The strongest — and to me strangest — part of the film is its midsection. In a Hong Kong hotel room, the camera intimately observes Snowden (as well as Greenwald, who emerges as a very talkative character), often in his T-shirt, his pale, geeky good looks occupying the frame as if we were sitting there facing him. Snowden insists that this isn't his story, but everyone's story. He is ready to reveal himself despite the risks because he doesn't want to hide — and yet he's wary that due to the way the modern media works, he would become the centre of the story instead of what he wants to reveal. Hero, spy, thief, traitor, narcissist?
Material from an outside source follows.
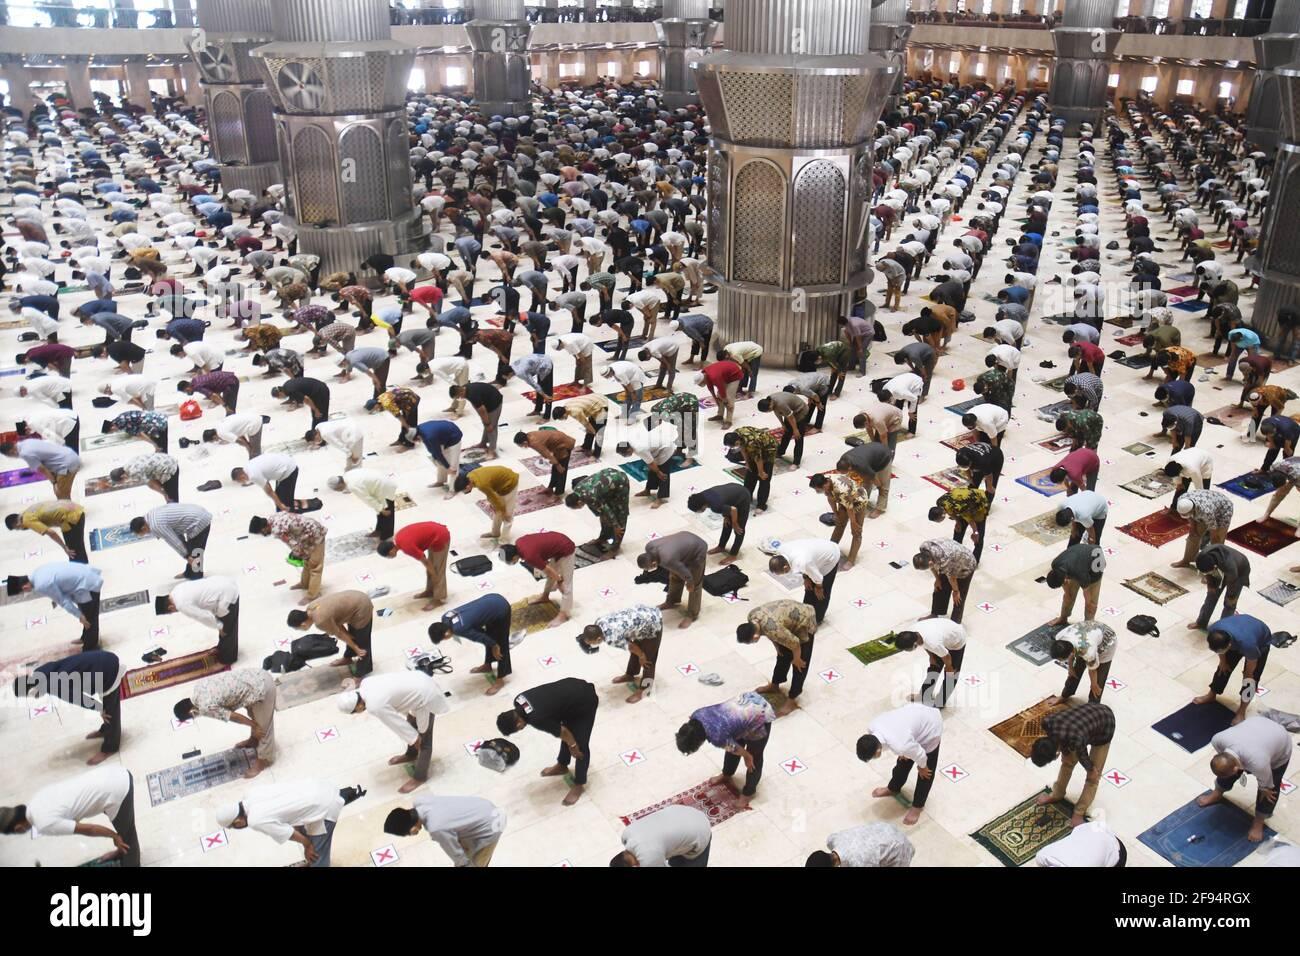 (210416) -- GIACARTA, 16 aprile 2021 (Xinhua) -- i musulmani partecipano alla preghiera del primo venerdì di mezzogiorno con distanza sociale durante il mese santo di Ramadan alla Moschea Istiqlal a Giacarta, Indonesia, il 16 aprile 2021. (Foto Dasril Roszandi/Xinhua) Foto Stock

The way Poitras trains the camera at Snowden's face, locking him in the flat surface of the frame, deprived of context, as he appeared calm, lucid, and yet sometimes troubled by a hint of paranoia — this almost feels like an invitation to catch him lie or flip. As he's exposing the government, the camera opens the possibility of exposing him. And to me, he survives the persistent gaze and passes the test. That doesn't make him a hero, but it makes him human enough for us to believe in his decision — another Deep Throat in the era of tenacious camera and internet scrutiny. That Snowden is living in exile in Russia — a place with a well-documented record of mass surveillance — is supremely ironic, a fact the film acknowledges in the final scene (though it could've stressed that point even stronger). That he's been charged with the World War I-era Espionage Act is quaint and yet inevitable. But as the man has stressed, he's neither a hero nor a traitor, and Citizenfour is a portrait of a citizen who has chosen to resist the strong arm of the state. It's not easy, but I'm tempted to say: let's try this at home.